BS says: "No demonstrated need for Fire Station #3"
Sept 2021 Fire - Dana Peak Park: https://www.kcentv.com/article/news/local/bell-county/massive-fire-in-harker-heights-community-still-developing/500-c80eb951-7631-48ed-b891-2f8a0fad33b3

Baloney Scottie: Really?

What is the requirement/standard?
The standard benchmark for fire department response time is set by NFPA 1710 (for career/paid departments):
Call processing (dispatch): 64 seconds or less
Turnout time (crew ready to leave station): 80 seconds or less
Travel time to scene: 4 minutes or less (first arriving engine)
Total response time:
6 minutes 20 seconds or less, 90% of the time






Harker Heights Fire Department Response Times: A Growing Concern
According to the City's own website, current fire response times are:
Main portions of the city: 5 to 6 minutes
Remote/eastern areas: approximately 10 minutes, due to rural terrain, hilly topography, and vehicle limitations
These numbers are already problematic — and they are about to get worse.
A Worsening Trend
The rapid growth of Evergreen Estates and the addition of 110+ high-end homes east of High Oak Drive/FM 2410 will place greater demand on a fire service infrastructure that is already stretched thin in the eastern corridor.

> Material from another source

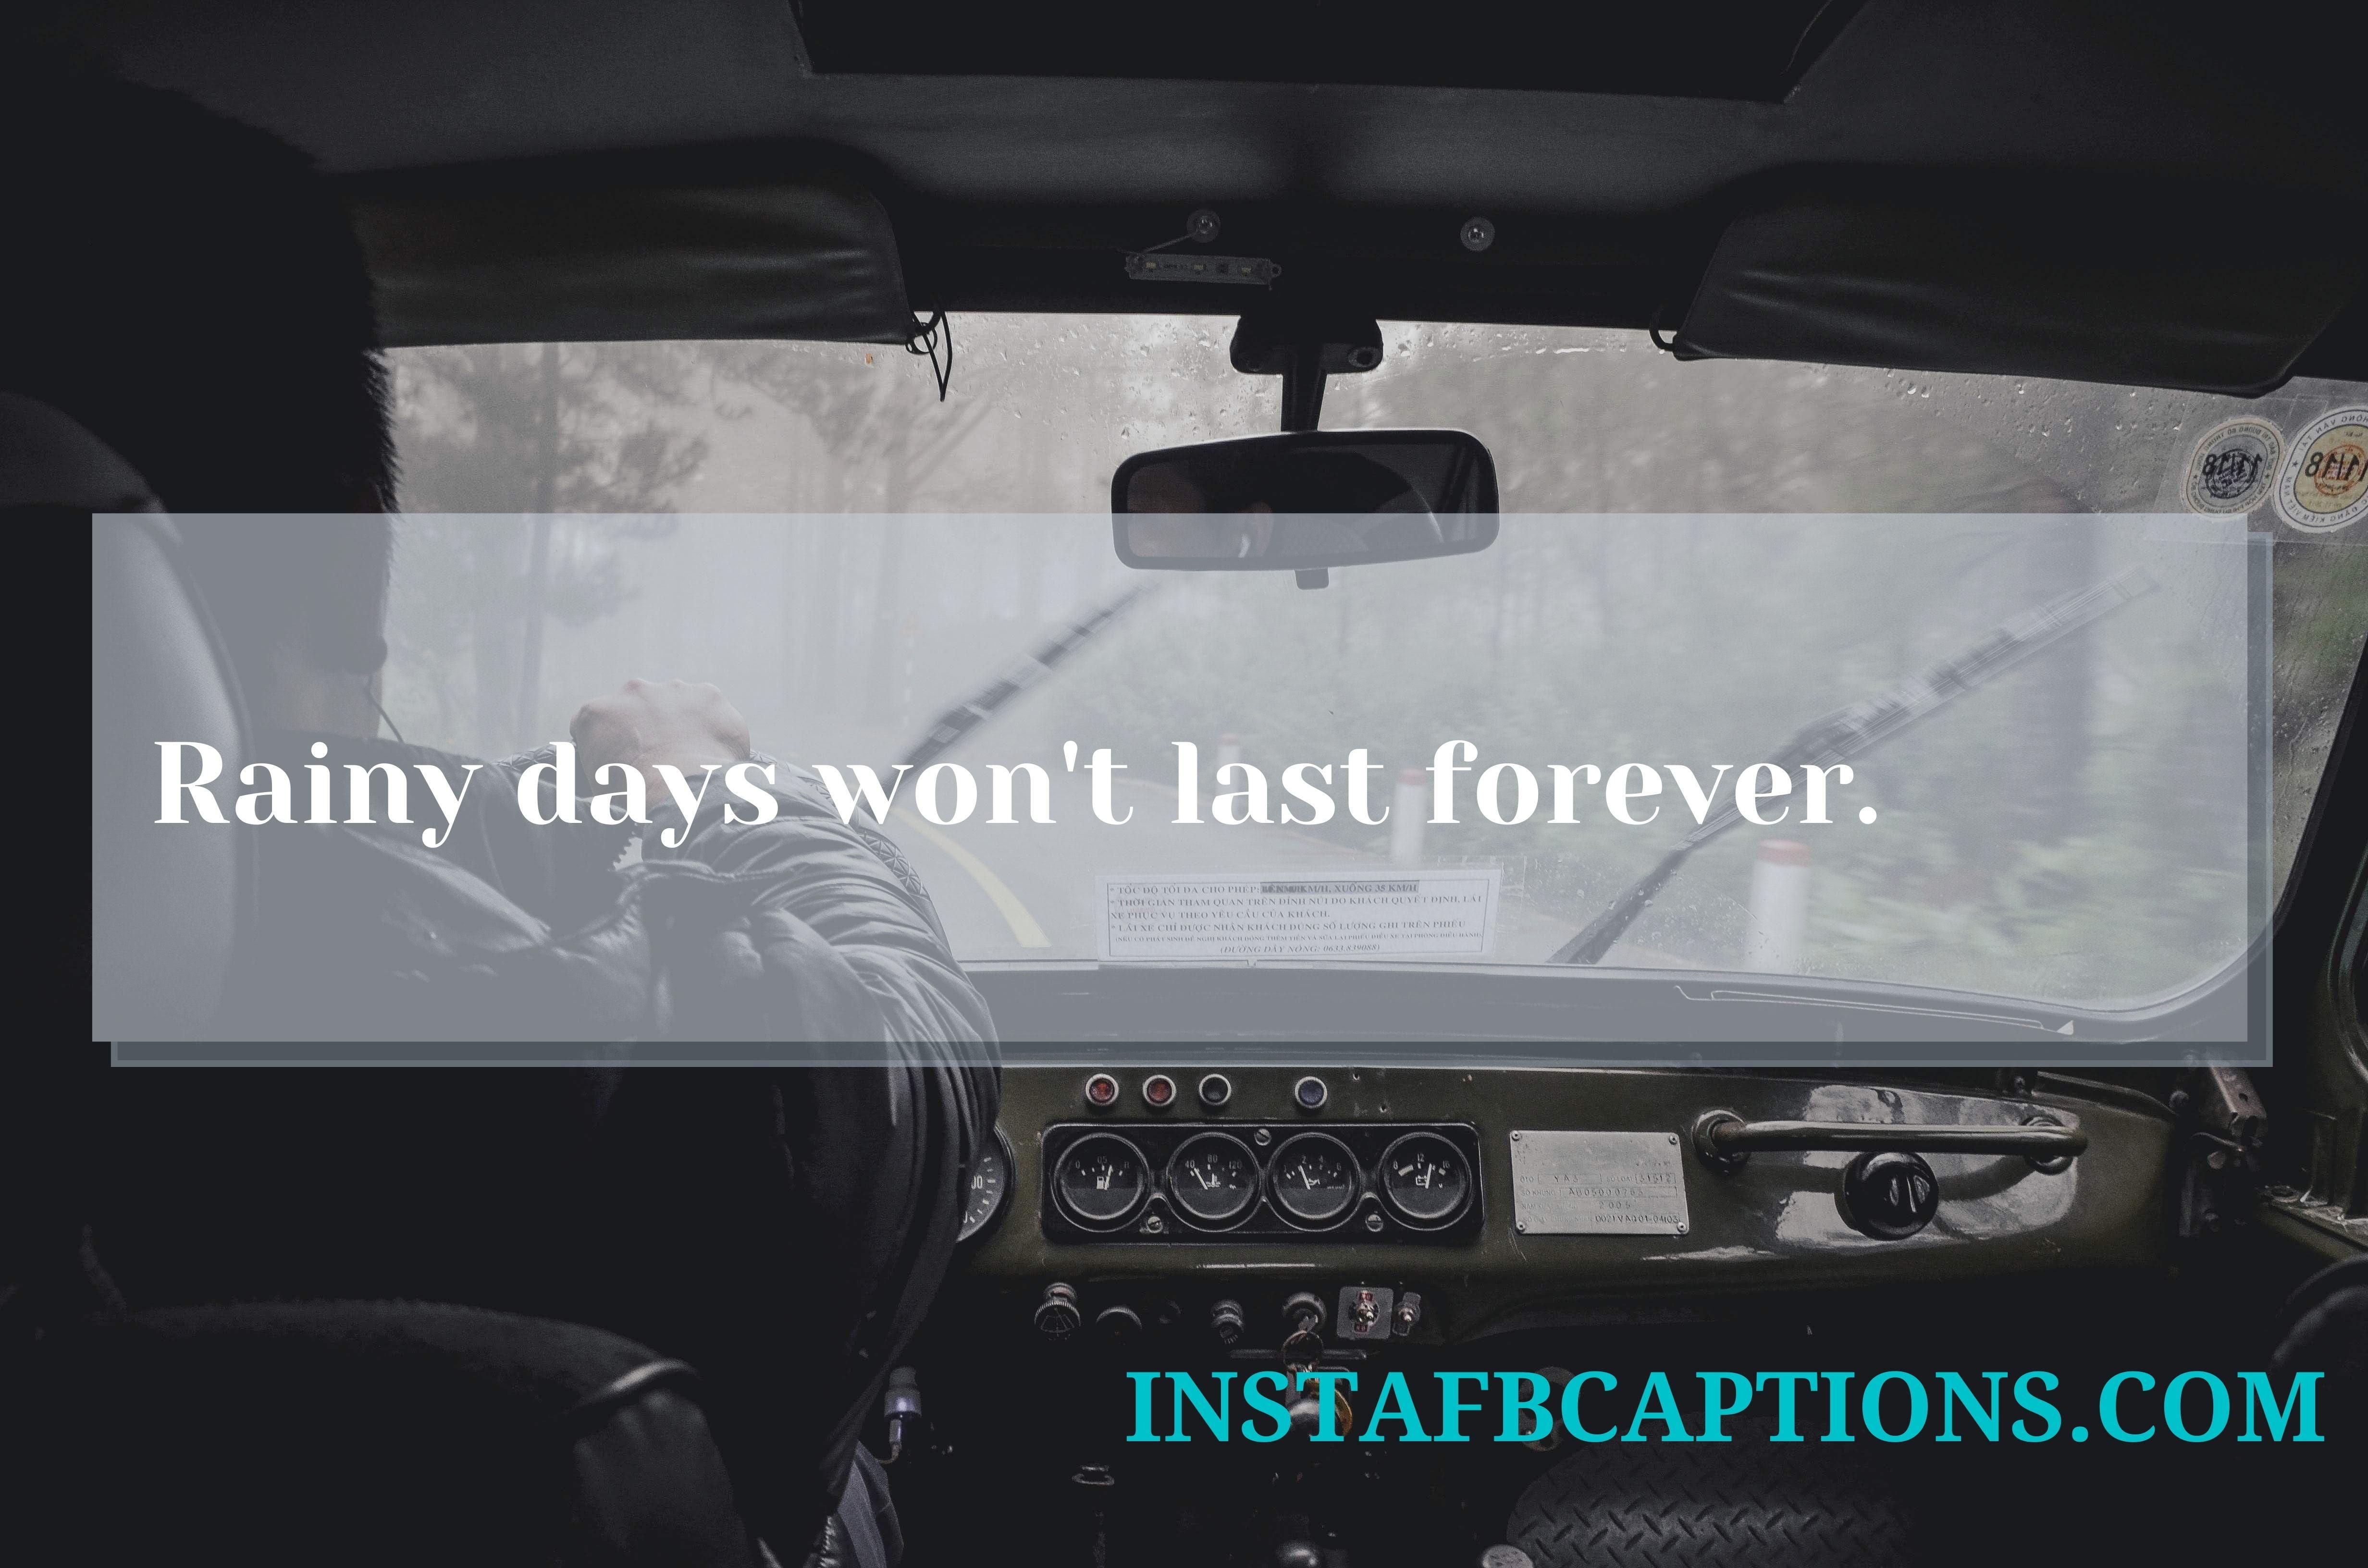 Driving In Rain Captions  - Driving in Rain Captions - 120+ RAIN & MONSOON Instagram Captions 2021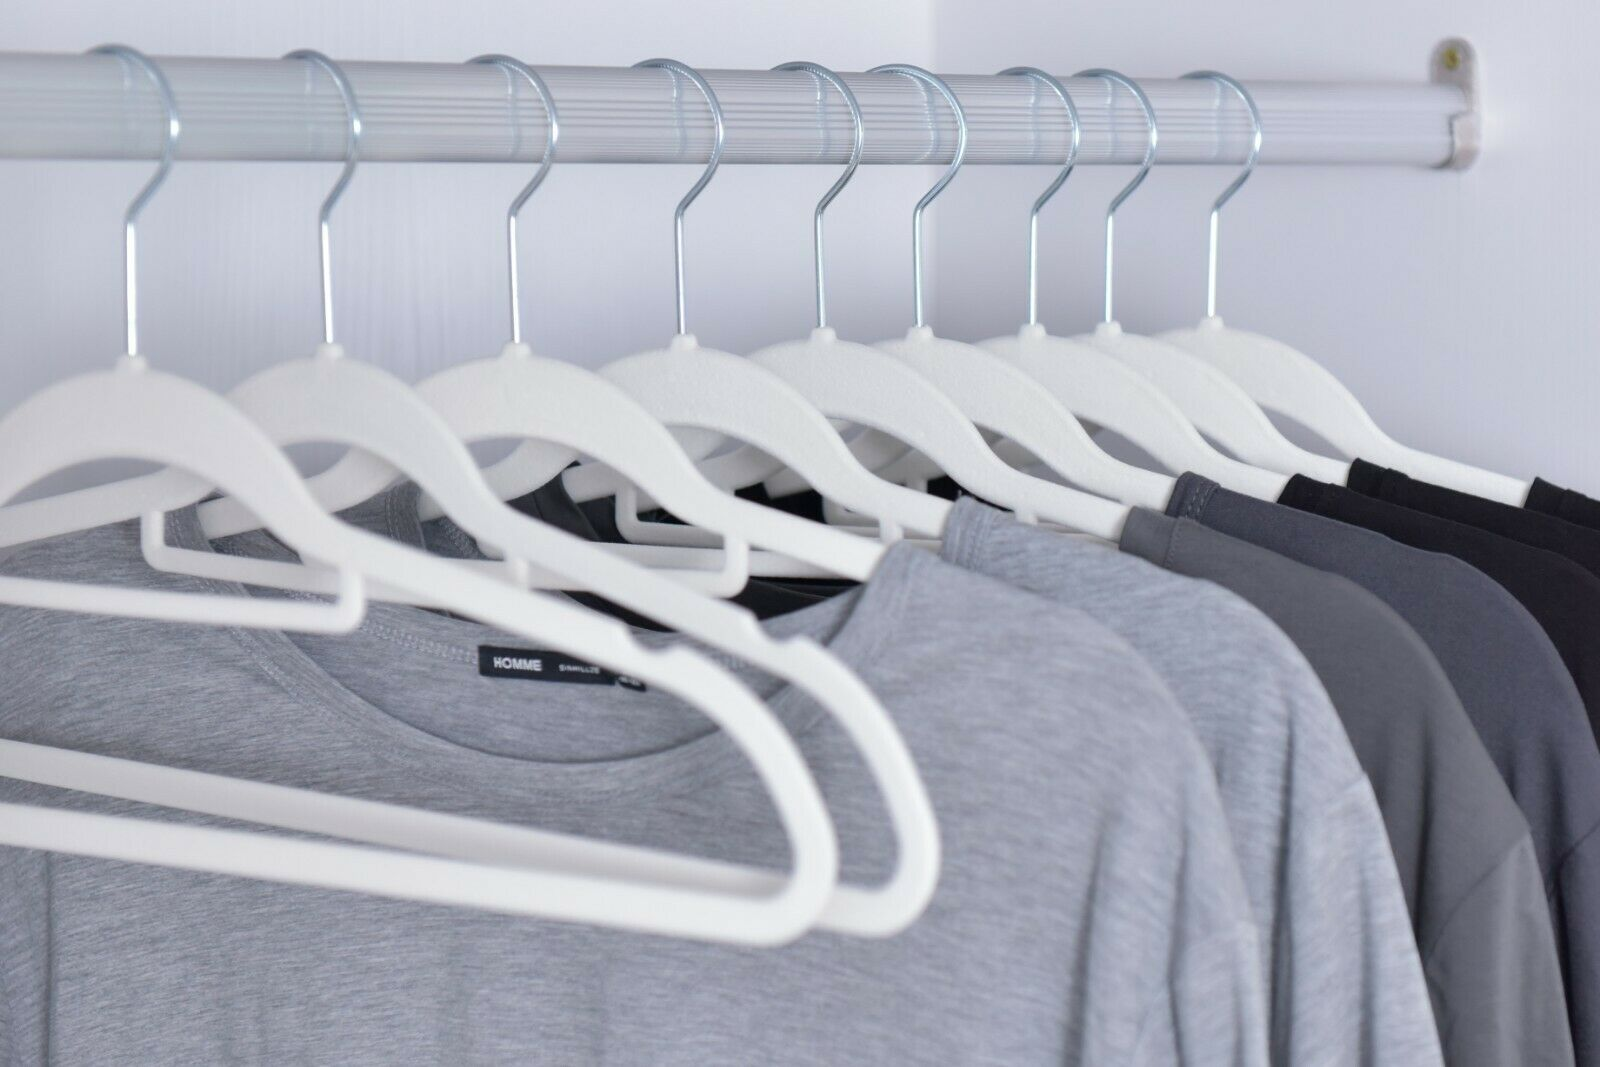 Non slip Coat Hangerplastic Clothes Hanger Buy High Quality Velvet Hangers,Coat Hanger,Clothes Hangers Product on

Ongoing and planned commercial development in that same area compounds the problem further. The eastern areas of Harker Heights are already exceeding acceptable response time thresholds. Growth will only widen that gap.
What Happens When Average Response Times Exceed 6 Minutes?
ISO Rating Impact
The Insurance Services Office (ISO) grades fire departments on a scale of 1 to 10. Response time is a significant factor in that score. A declining ISO rating translates directly into higher homeowner insurance premiums for every resident in the city — regardless of where they live.
NFPA 1710 Non-Compliance
As a fully paid department, Harker Heights is held to the NFPA 1710 standard, which establishes a 6-minute 20-second benchmark for first-unit arrival. Exceeding that benchmark means falling out of compliance. While NFPA standards are not legally binding, they carry significant weight in:
Litigation — negligence claims against the city
Accreditation reviews
City council and budget justification processes
Life Safety Consequences
The 6-minute threshold is not arbitrary — it is grounded in survival science:
Brain damage begins within 4 to 6 minutes without oxygen
A room fire can reach flashover — fully involved — in as little as 5 to 10 minutes
Each minute beyond 6 minutes measurably reduces survival odds in cardiac arrest and structural fire events
Slower response times are not an inconvenience. They cost lives.